GitOpsMarch 202612 min read

ArgoCD in Production: Patterns That Actually Matter

By Eyal Dulberg, CTO

argocdgitopskubernetesplatform-engineeringfor-devops
ArgoCD in Production: Patterns That Actually Matter

Installing ArgoCD takes 10 minutes. Getting your first app syncing from Git feels like magic - you push a commit, ArgoCD detects the change, and your cluster converges to the desired state. Clean, elegant, done.

Then reality hits.

Your second cluster needs the same addons but different resource limits. A developer accidentally deletes an ApplicationSet and takes down 12 services. Your team of 40 engineers is filing Jira tickets asking DevOps to "please update the replica count." And you're drowning in YAML files that are 80% identical across environments.

The gap between "ArgoCD installed" and "developers can actually ship" is enormous. This post covers the ArgoCD best practices and production patterns that bridge it.

TL;DR: ArgoCD is free and powerful, but running it for a real team requires patterns it doesn't ship with - separating addons from app services, Kustomize base/overlays to eliminate YAML duplication, ApplicationSet generators for multi-cluster auto-discovery, three-layer deletion protection, sync waves for ordered deployments, and a generation layer so developers never touch YAML directly. We cover all of them with working examples.

Why GitOps, Why ArgoCD

The GitOps model is simple: Git is your source of truth. Every change is a commit - auditable, reviewable, reversible. Rollback is git revert. Drift detection is automatic. No more SSH-ing into a cluster to kubectl apply a hotfix that nobody documents.

ArgoCD has become the default GitOps engine for good reasons. The built-in UI gives you real-time visibility into sync status across clusters. ApplicationSets let you template deployments across dozens of clusters from a single definition. The ecosystem is massive - hundreds of integrations, active development, and battle-tested at scale by companies like Intuit (where ArgoCD originated), Red Hat, and dozens of CNCF adopters.

But ArgoCD is a tool, not a platform. It gives you a powerful engine - what you build on top of it determines whether your team ships faster or drowns in YAML.

This is part of our three-part ArgoCD series. Start with How to Set Up ArgoCD on Kubernetes if you haven't installed it yet, or see ArgoCD Multi-Cluster Architecture for choosing between centralized and per-cluster deployments.

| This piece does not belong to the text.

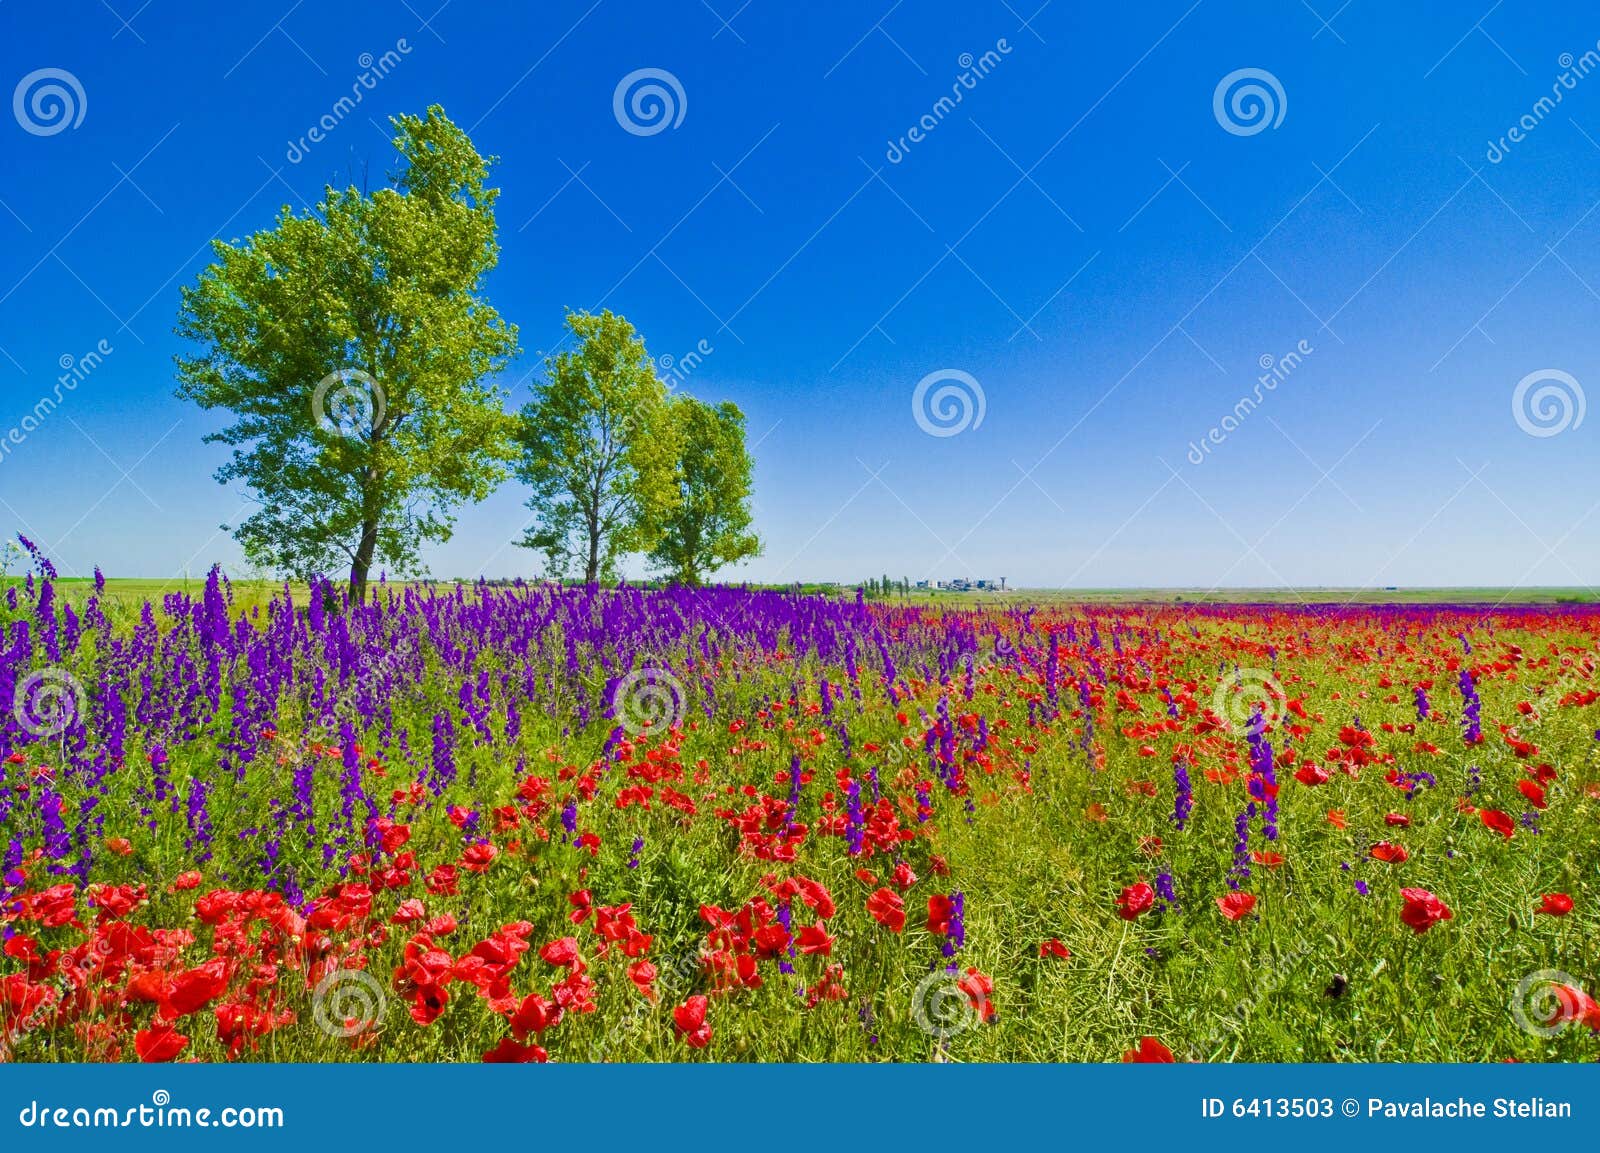 wildflowers field

Centralized vs Per-Cluster ArgoCD

The first architectural decision: do you run one ArgoCD instance managing all clusters, or one per cluster?

CentralizedPer-Cluster
VisibilitySingle pane of glass across all clustersSeparate UI per cluster
Auth complexityHigh - needs credentials for every remote clusterLow - only manages local cluster
Blast radiusOne misconfiguration affects everythingIsolated - failure stays local
Operational overheadOne instance to maintainN instances to upgrade, monitor, patch
Network requirementsNeeds network path to all clustersNo cross-cluster networking needed

Our take: Per-cluster is the safer default for production - credential isolation and blast radius containment are hard to retrofit later. Centralized works for small setups (2-3 clusters, single team, same network) but you'll likely outgrow it. We go deep on this decision - including how an orchestration layer above ArgoCD changes the calculus - in ArgoCD Multi-Cluster Architecture: Centralized vs Per-Cluster.

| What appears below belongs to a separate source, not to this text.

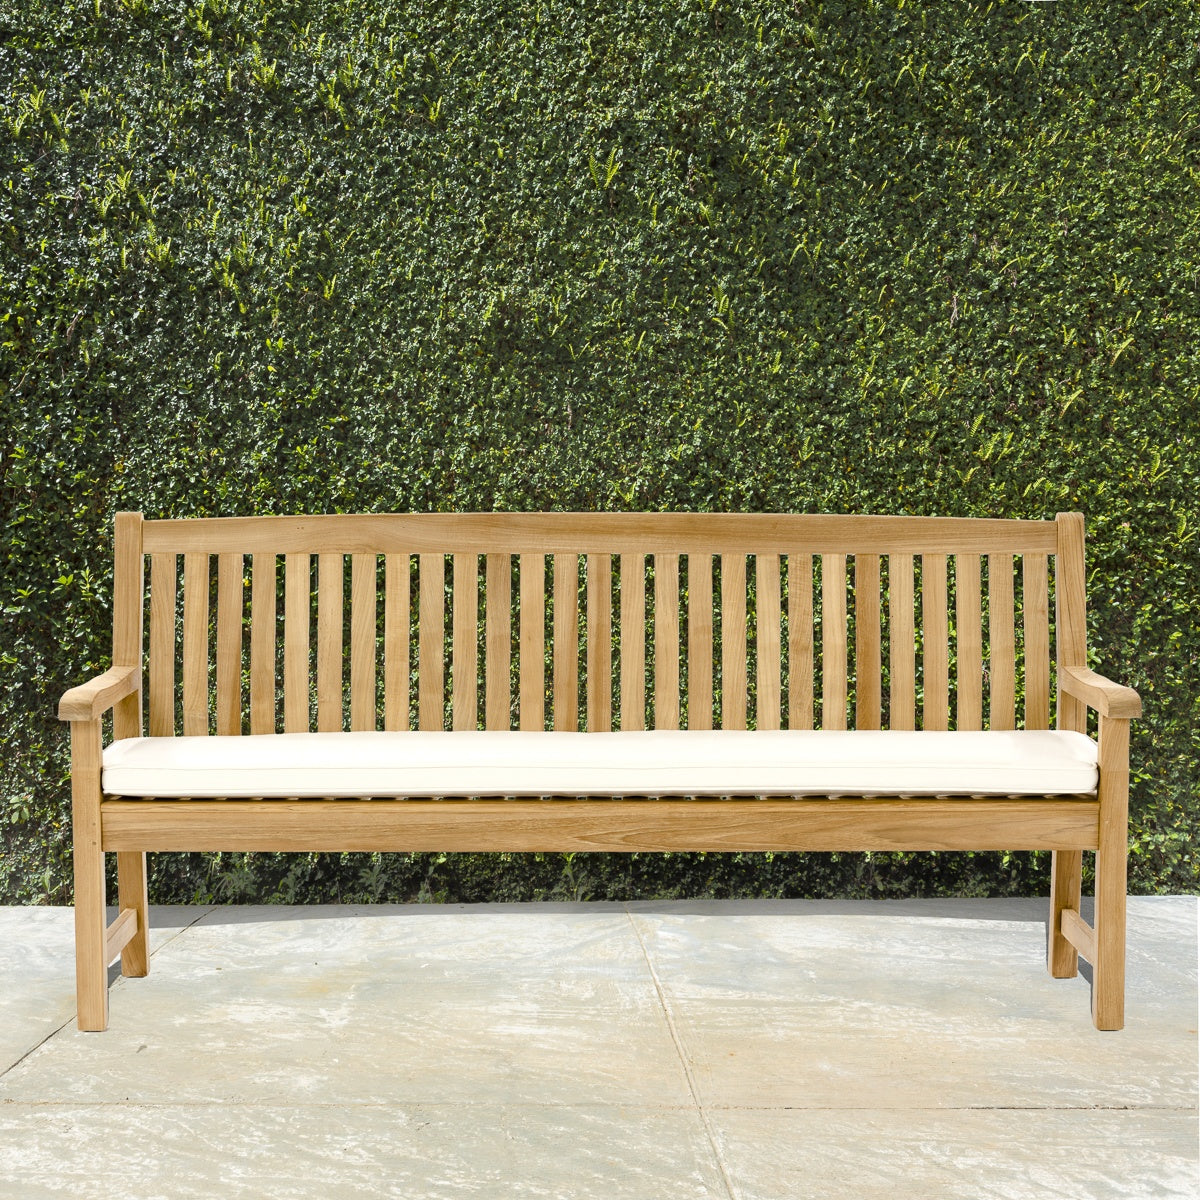 Westminster Teak - 6 ft Veranda Teak Bench Also Available in 4 ft & 5 ft Lengths - 13883

Either way, the patterns in this post apply regardless of which architecture you choose. They're about what ArgoCD manages, not how many instances you run.

Addons vs Application Services: Different Beasts

This is where most ArgoCD setups start to creak. Teams treat cert-manager and their user-facing API the same way - same ArgoCD project, same sync policies, same review process. But they're fundamentally different:

Platform AddonsApplication Services
Examplescert-manager, ingress-nginx, external-dns, Prometheususer-api, payment-service, frontend
Owned byPlatform / DevOps teamApplication teams
Change frequencyMonthly or quarterlyMultiple times per day
Rollout strategyCareful, coordinated, often cluster-by-clusterFast, per-service, canary or rolling
Risk profileBreaking cert-manager breaks TLS for everythingBreaking one service affects one service
Config sourceHelm charts from external reposYour own repo with Kustomize overlays

Mixing these creates real problems. A developer pushing a frontend change shouldn't need to understand why their sync is queued behind a Prometheus upgrade. An addon upgrade shouldn't be blocked because a dev team has an unresolved sync error on their service.

Separate them. Use distinct ArgoCD AppProjects for addons and application workloads. Give them different sync policies - addons get automated: false with manual promotion, application services get automated: true with selfHeal: true. Different RBAC rules, different notification channels.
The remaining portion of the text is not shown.